Yesterday one of our long-time heroes, Bill Moyers, brought down the curtain on PBS' "Moyers & Company," and a 40-plus year broadcast career (he still will be around via his web site www.BillMoyers.com, thankfully). Here's part of what he had to say in parting:
So as the next generation steps forward, I am tempted to think that the only thing my generation can say to them is: we’re sorry. Sorry for the mess you’re inheriting. Sorry we broke the trust. But I know in my heart that’s not what they ask or expect. So instead I recommend to them the example of Senator Robert La Follette of Wisconsin, another of my heroes from the past. He battled the excesses of the first Gilded Age a century ago so boldly and proudly that he went down in history as “Fighting Bob.” He told us, “…democracy is a life; and involves continual struggle.” I keep asking myself, what if that struggle is the palpable reality without which this world would be truly barren?

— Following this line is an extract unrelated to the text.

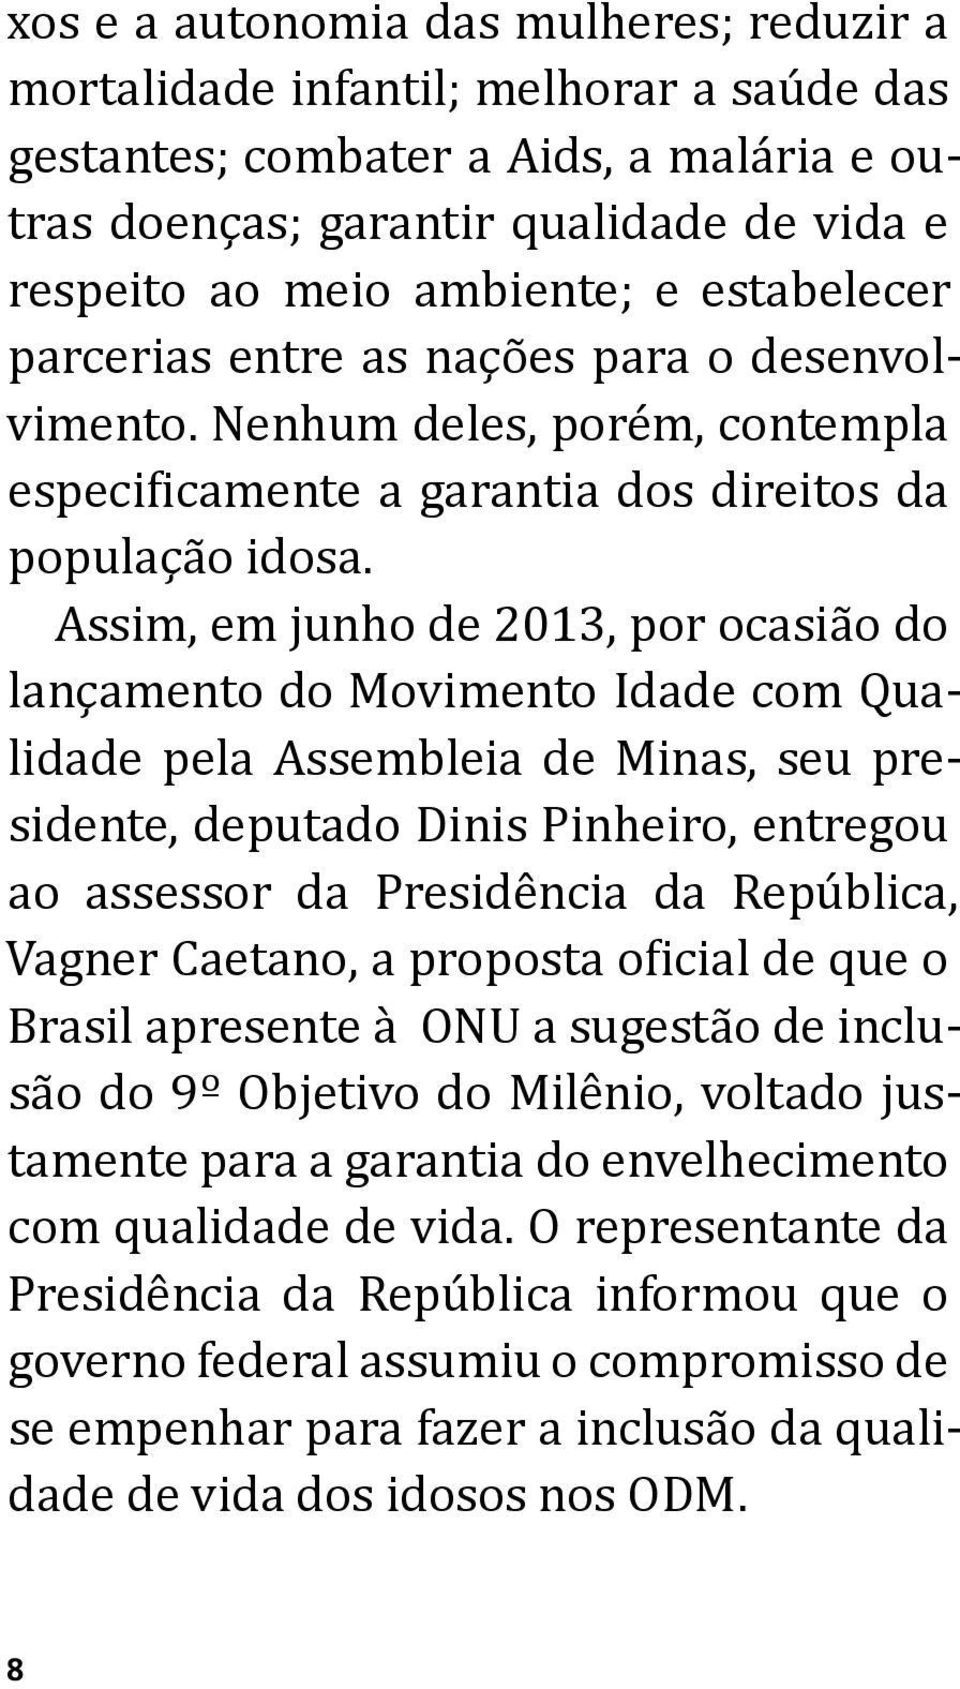 Assim, em junho de 2013, por ocasião do lançamento do Movimento Idade com Qualidade pela Assembleia de Minas, seu presidente, deputado Dinis Pinheiro, entregou ao assessor da Presidência da

So to this new generation I say: over to you, welcome to the fight.In our age of short attention spans and desultory citizen participation in the life of American democracy, we need to remind ourselves, as Moyers does, that democracy is a continual struggle and that we must be prepared to fight off the historical revisionists, the reactionaries, the selfish, the racists, the "-phobes" of all prejudicial stripes, the sociopaths -- all those who would have us live in a dystopian world of "I've got mine, to hell with you." It's a fight in which we must engage and prevail. Thanks to Bill Moyers for being such a warrior for the truth for all these years.